*** RAW DATA Section Begins ***
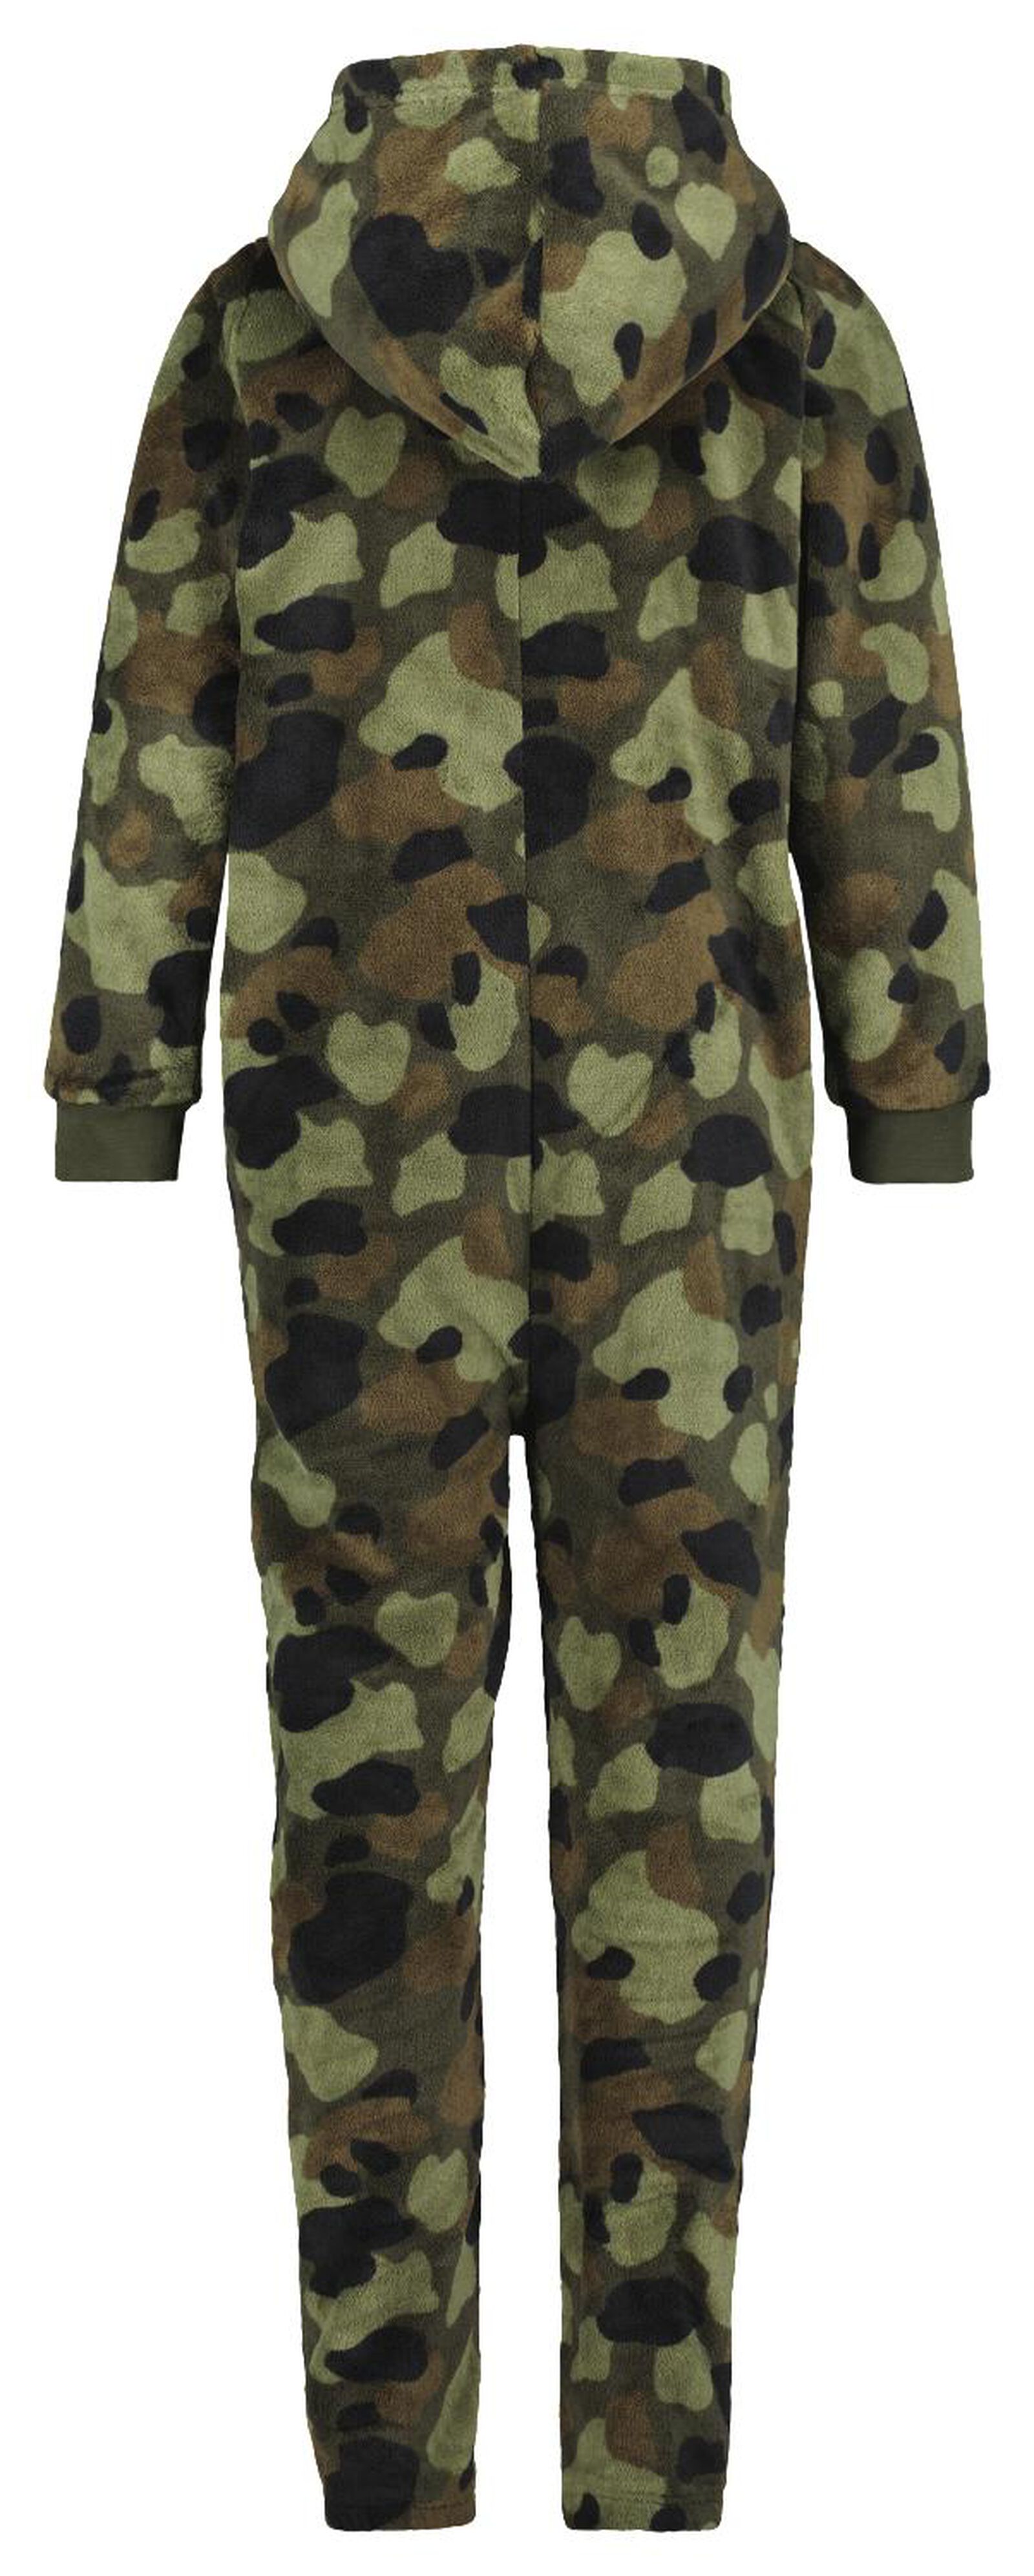 kinder onesie fleece camouflage groen - HEMA
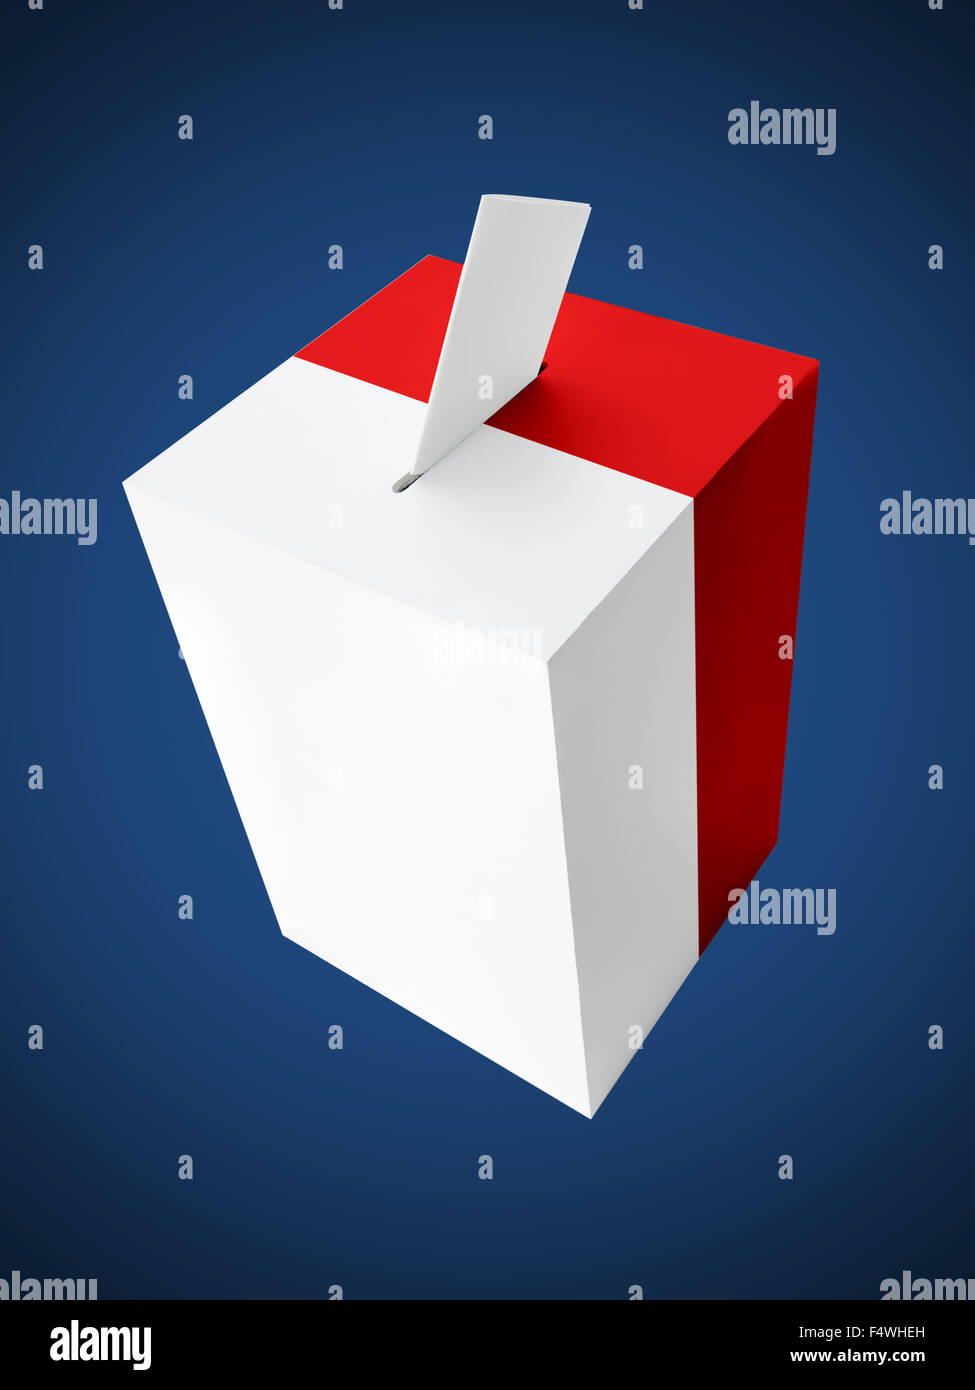 Il polacco di colore rosso e bianco urne con scheda di voto su sfondo blu scuro Foto Stock
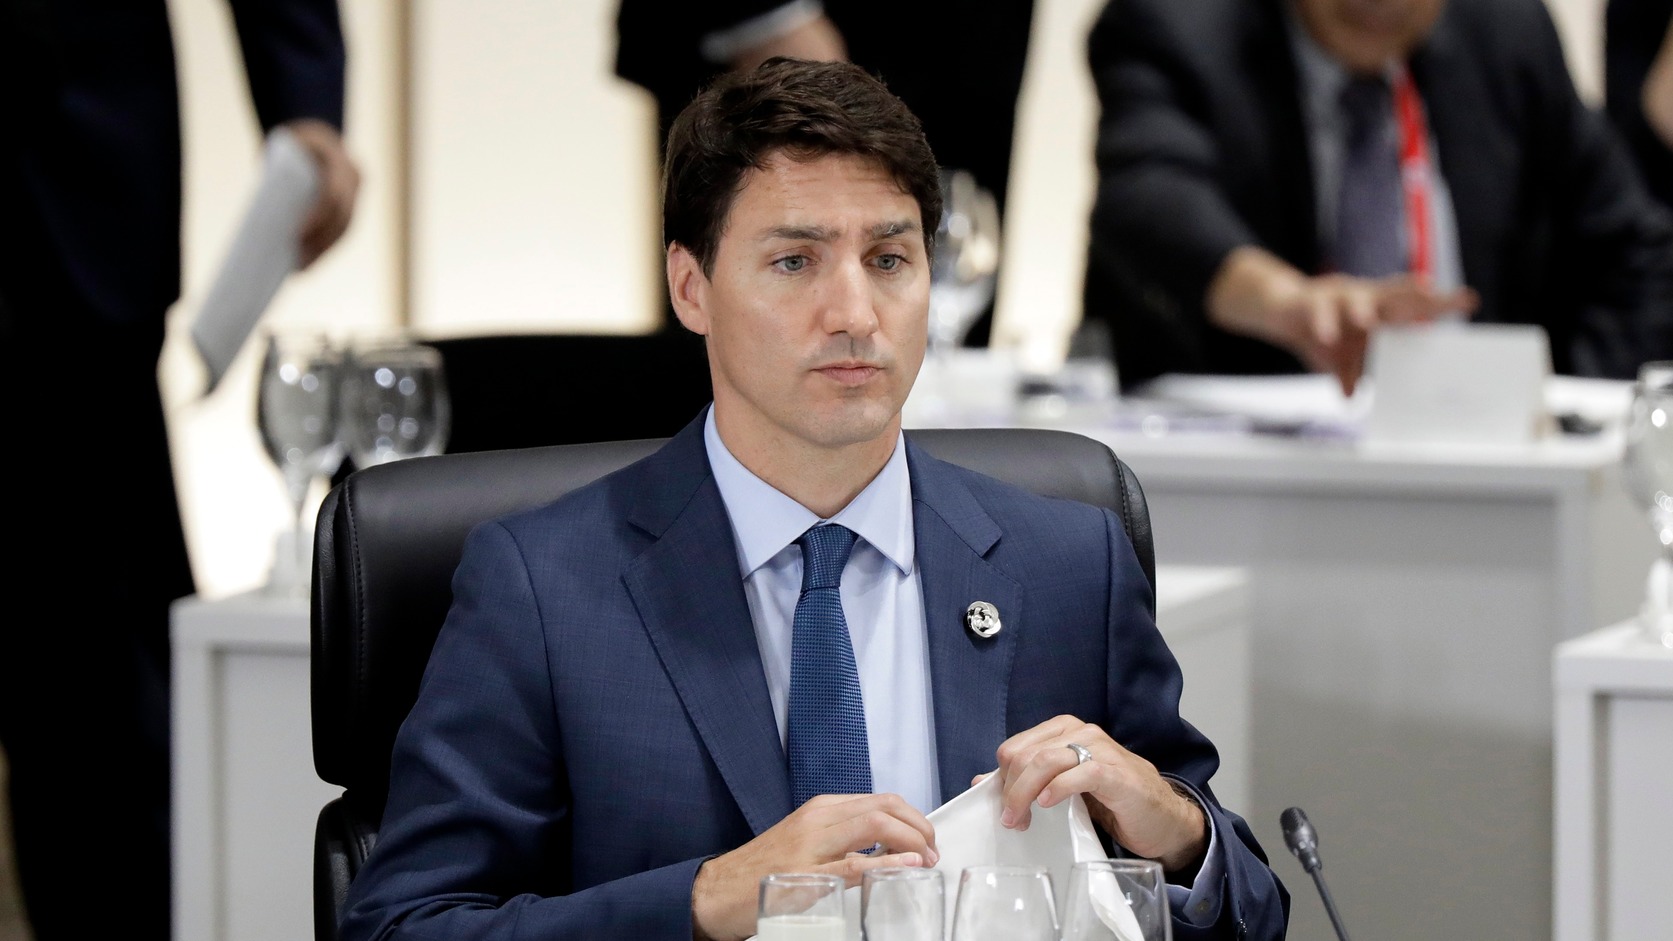 Feketére festett arccal fotózták le a kanadai kormányfőt, most bocsánatot kért
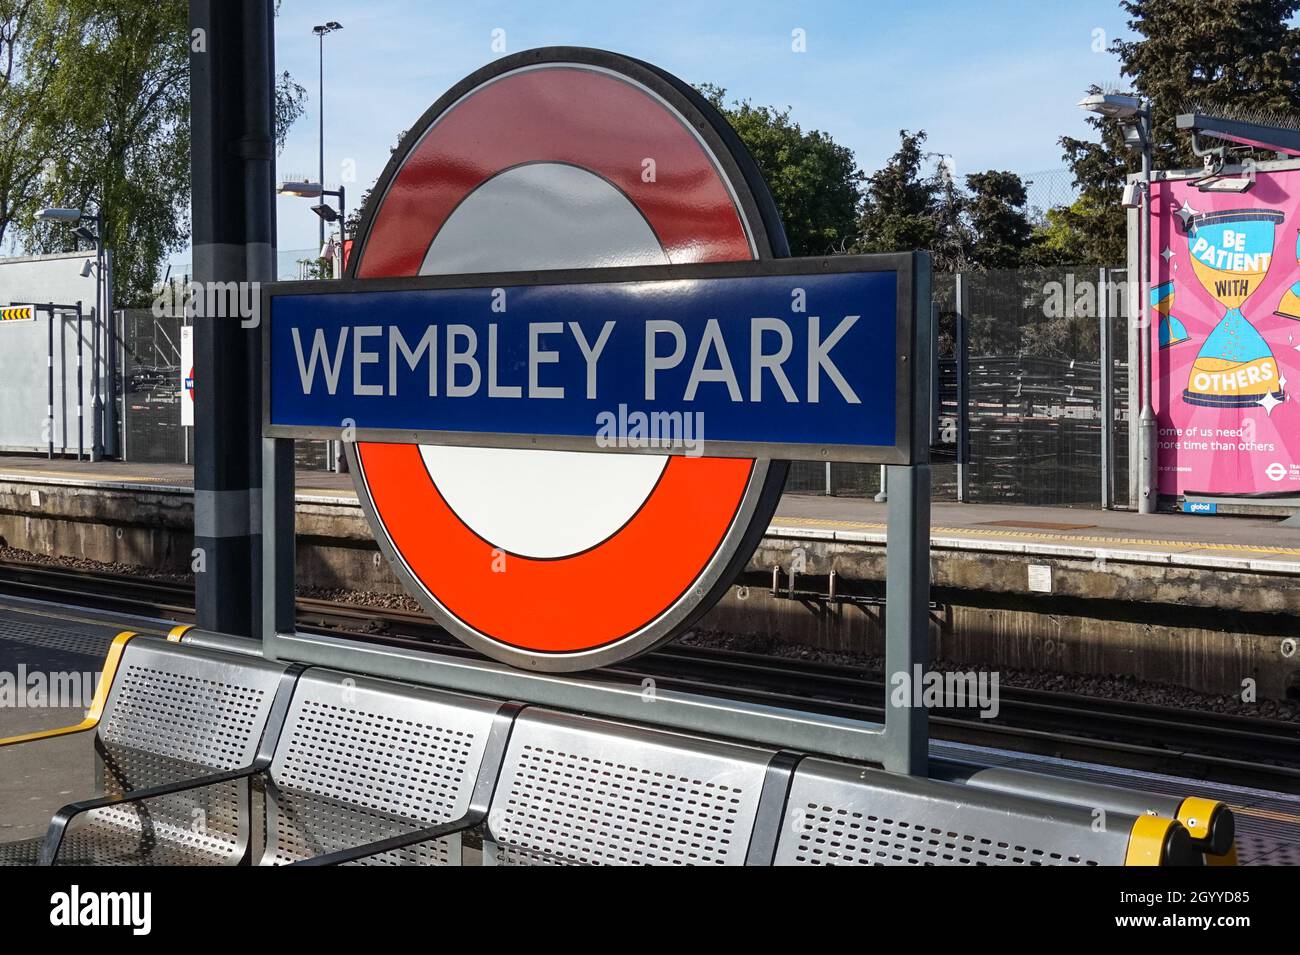 Métro Wembley Park, station de métro rond panneau Londres Angleterre Royaume-Uni Banque D'Images
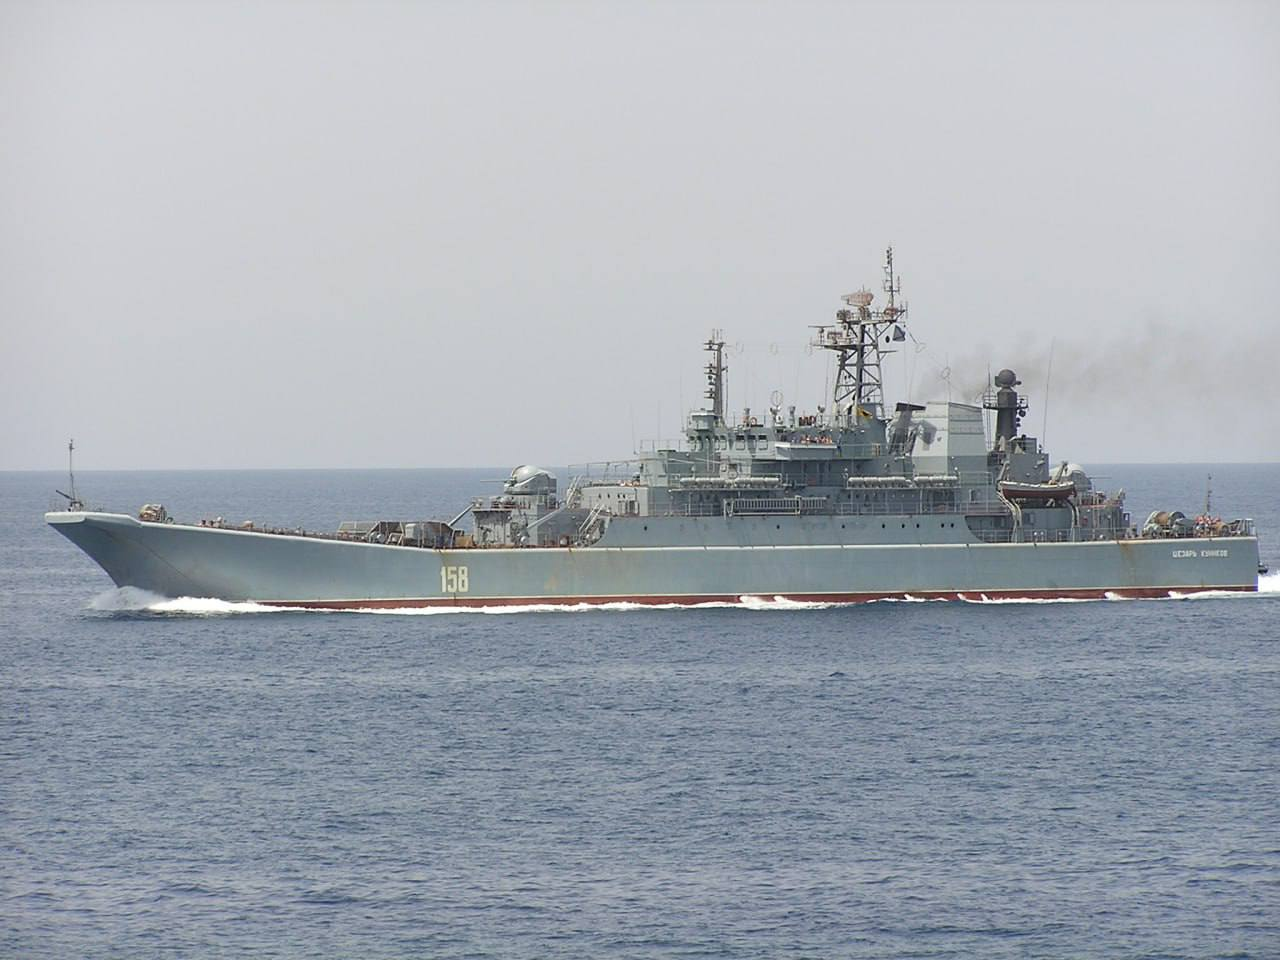 Οι Ουκρανοί βύθισαν το ρωσικό αποβατικό πλοίο Ceasar Kunikov κλάσης Ropucha στη Μαύρη Θάλασσα (βίντεο) (upd)
*** RAW DATA Section Ends ***
# THE PROBLEM
In your copy of the records above, include no pictures and match every line exactly.

# SOLUTION TO THE PROBLEM
 kinder onesie fleece camouflage groen - HEMA
 Il polacco di colore rosso e bianco urne con scheda di voto su sfondo blu scuro Foto Stock
 Feketére festett arccal fotózták le a kanadai kormányfőt, most bocsánatot kért
 Métro Wembley Park, station de métro rond panneau Londres Angleterre Royaume-Uni Banque D'Images
 Οι Ουκρανοί βύθισαν το ρωσικό αποβατικό πλοίο Ceasar Kunikov κλάσης Ropucha στη Μαύρη Θάλασσα (βίντεο) (upd)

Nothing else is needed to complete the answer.